I recently went on a retreat that gave me a great deal of joy and then a great deal of pain. I was on the mountain. And then I fell off.
Among other things, Father Charlie Garza’s day retreat focused on the seven deadly sins – how to recognize the false gods within them and the ways to find virtue to move past them. In those five hours, the Lord gave His light to show me patterns of sin in my life. It gave me hope to think about how I can pray for healing and be more fully His.
And then, the next day, the joy faded. I seemed to have ever more clarity on how much of a sinner I am. My name isn’t Norine. It’s Greedy, Envious, Gluttonous, Lustful, Slothful, Wrath-filled Pride. It’s funny how as I’ve gotten deeper in faith, I realize my faults so much more. I’m not nearly as good at Christianity as I thought when I was younger.
The Return of the Prodigal Son by Henri J. M. Nouwen talks about how the Prodigal Son thinks of nothing as sin, with his laxity pulling him away from the good things the Father means for him. And the Older Brother thinks of everything as sin, finding trouble in scrupulosity and missing the Father’s mercy.
I found myself an Older Sibling, who claimed to have kept all the commandments, but actually broke them all. My pride was so hurt. I told the Father I was running away and never going to the party! I told the Father He’d have to come find me in the Prodigal’s old pig sty, because I didn’t have enough faith or fortitude to break free of the slop.
The retreat said to pray against problems by asking the Lord for an increase in virtue. For two days, I begged the Lord to give the virtue of hope against every lack of hope I had. I prayed the rosary and told Mary I couldn’t do it without her. And then there was a break: I realized I could go to confession and, among confessing to Greedy, Envious, Gluttonous, Lustful, Slothful, Wrath-filled Pride, I would also confess that I felt God would never forgive me and that I sometimes felt hopeless about receiving mercy.

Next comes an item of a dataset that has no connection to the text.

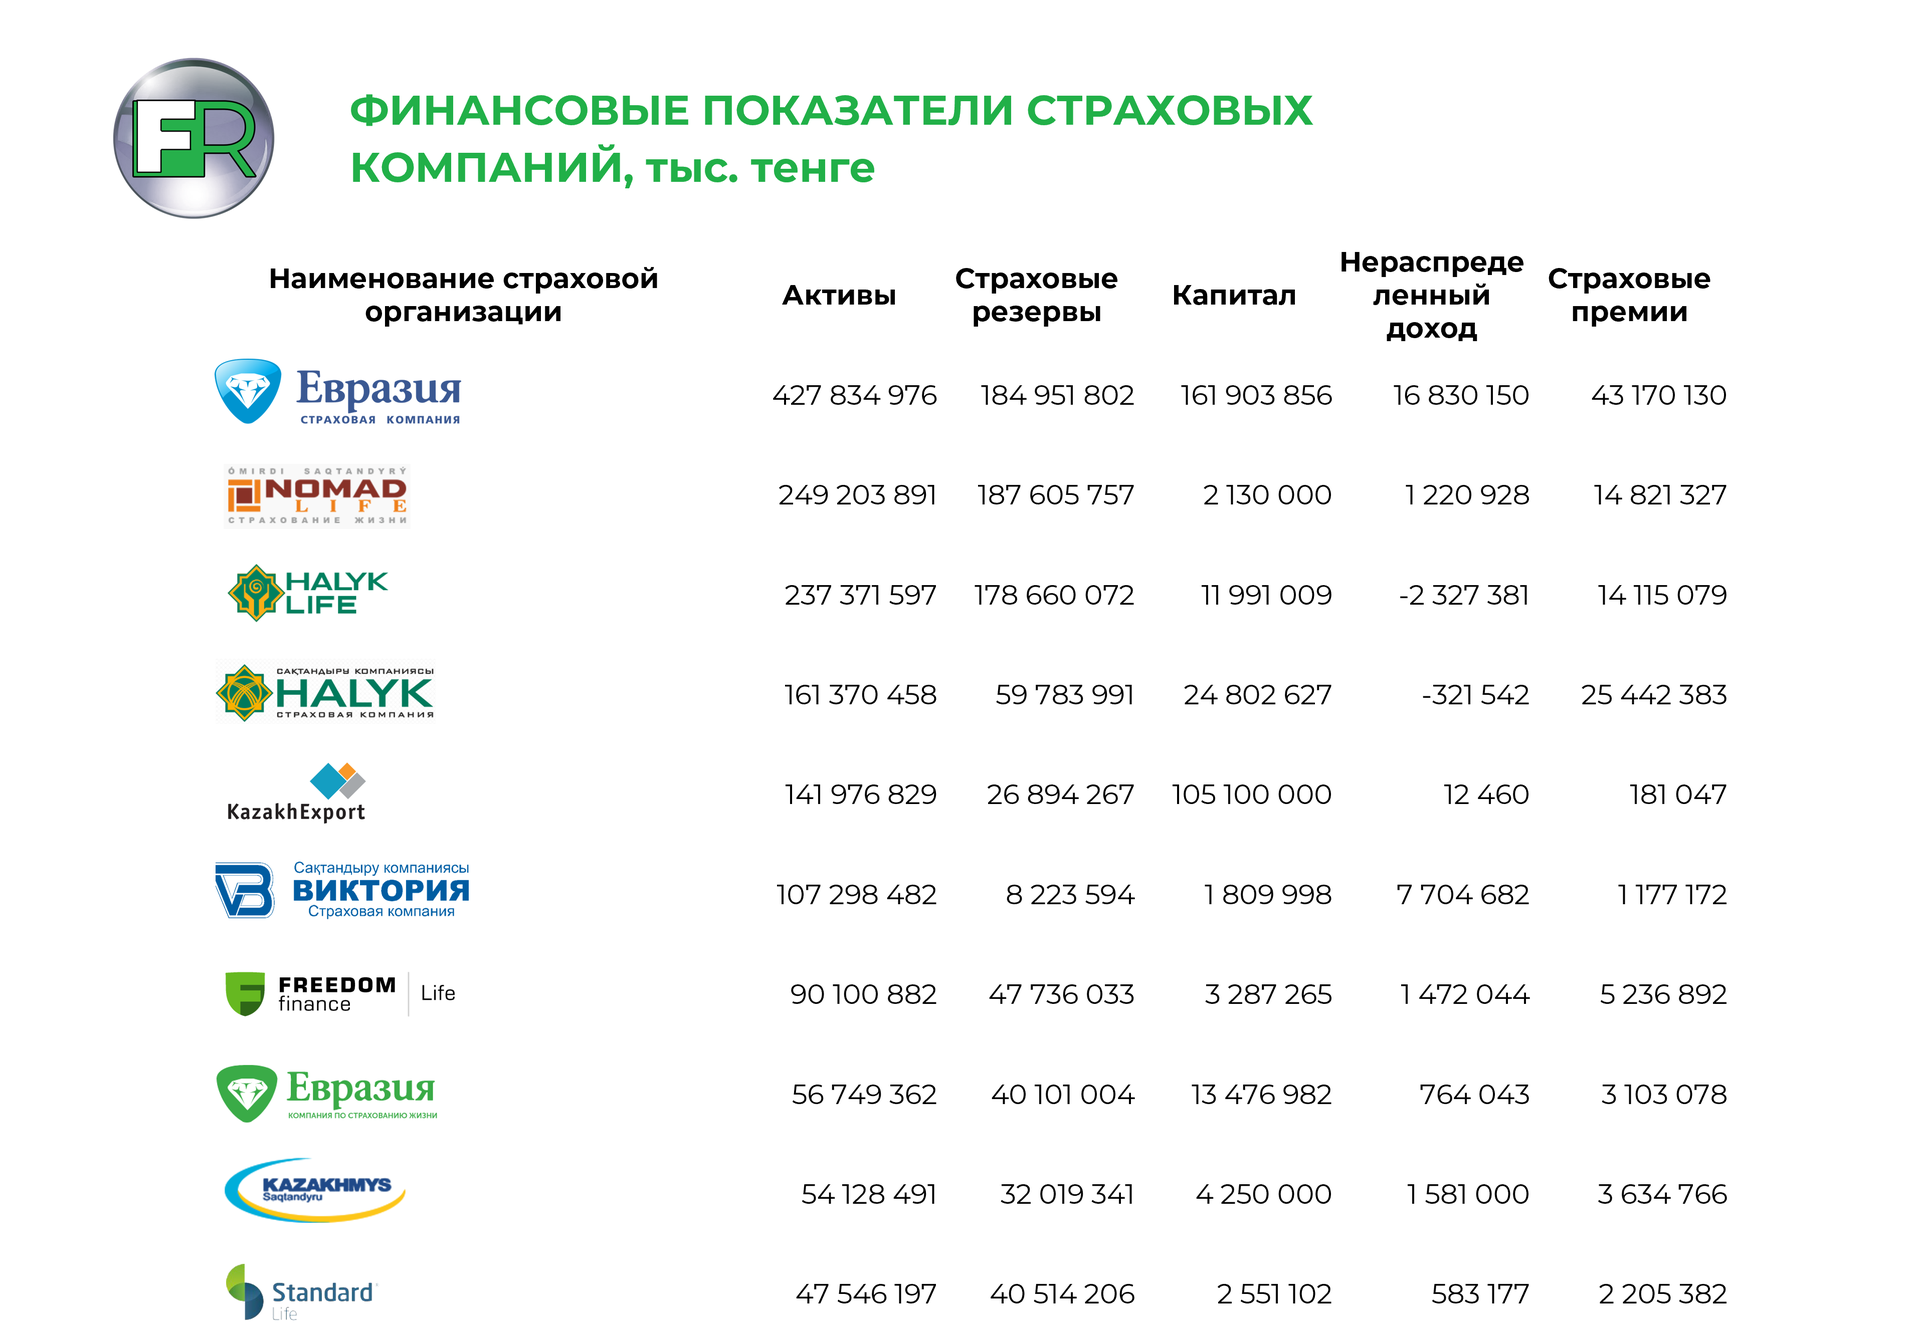 О рисках и перспективах развития страхового рынка Казахстана 1326719 - Kapital.kz 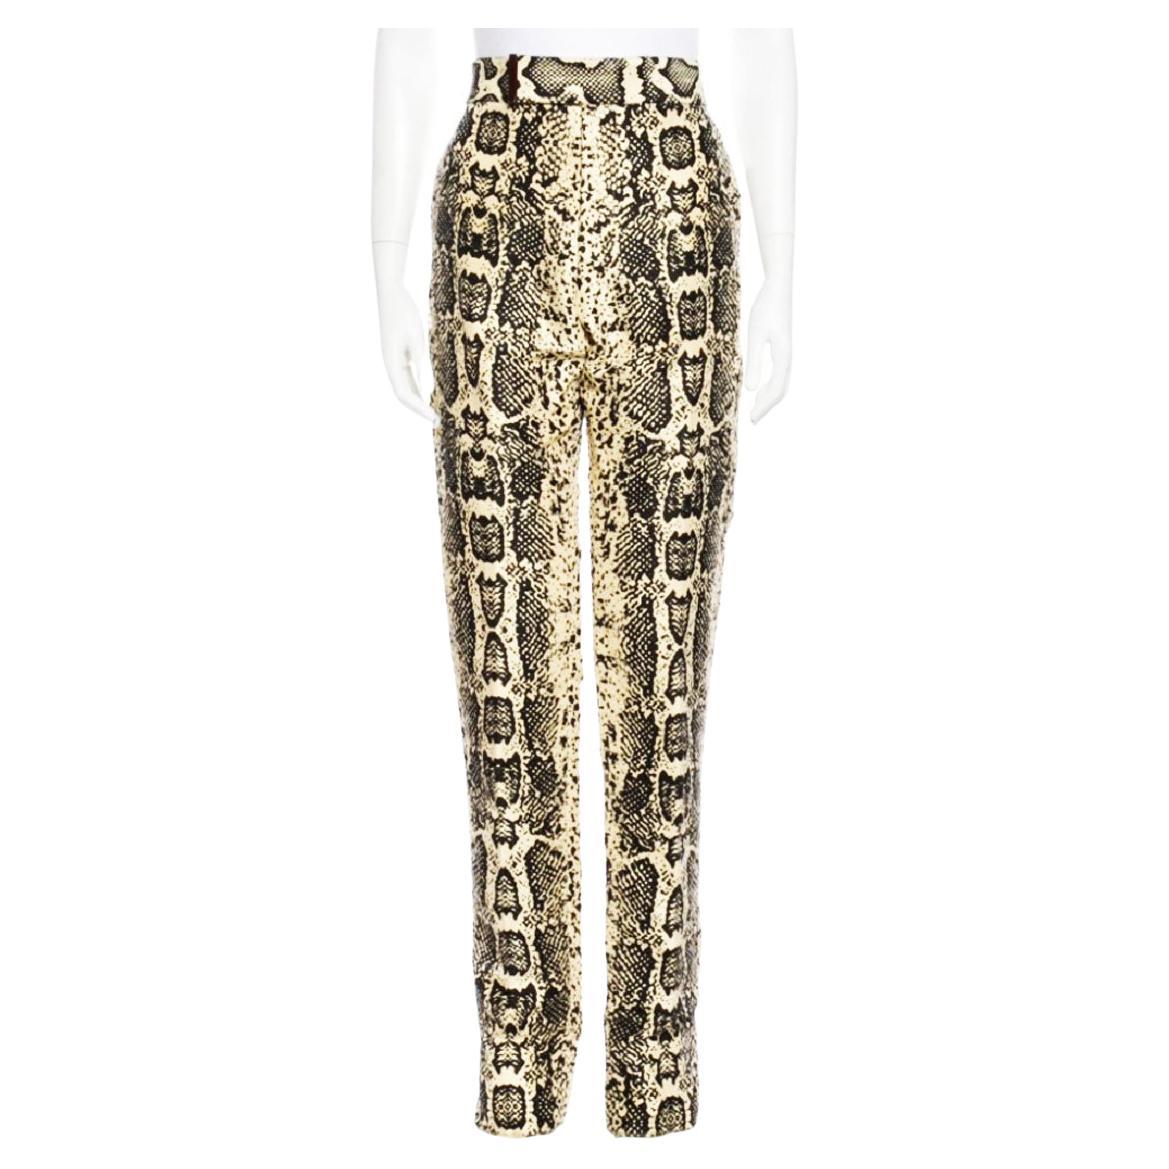 Tom Ford $4750 S/S 2021 Women's Snakeskin-Print Silk Pants Trousers 48 R

“The Lord came to earth for sinners,” Father Matthew Iwuji said in confession. “He gives us this sacrament in compassion, so we can start over.” And then, after I made the Act of Contrition, he gave the absolution.
Do you ever feel the power of absolution? I could have skipped out of there. I got to my pew to pray a penitential Hail Holy Queen to my amazing mom and started laughing. My name is not Greedy, Envious, Gluttonous, Lustful, Slothful, Wrath-filled Pride. My name is Faithful, Charitable, Prudent, Temperate, Justice-loving, Fortitudinous Hope. My name is Beloved.
The Father put a robe around my shoulders, a ring on my finger and sandals on my feet. He said, “If you can at least come to confession, I’ll meet you there.” And now I have joy besides hope.
As I’ve gotten deeper in my faith, I keep finding out I’m a sinner, but also how great is God’s love and mercy. He wants us so badly. Whether we find ourselves as the Prodigal Child or the Older Sibling, nothing can stand in the way of His mercy if we can make the smallest move towards Him.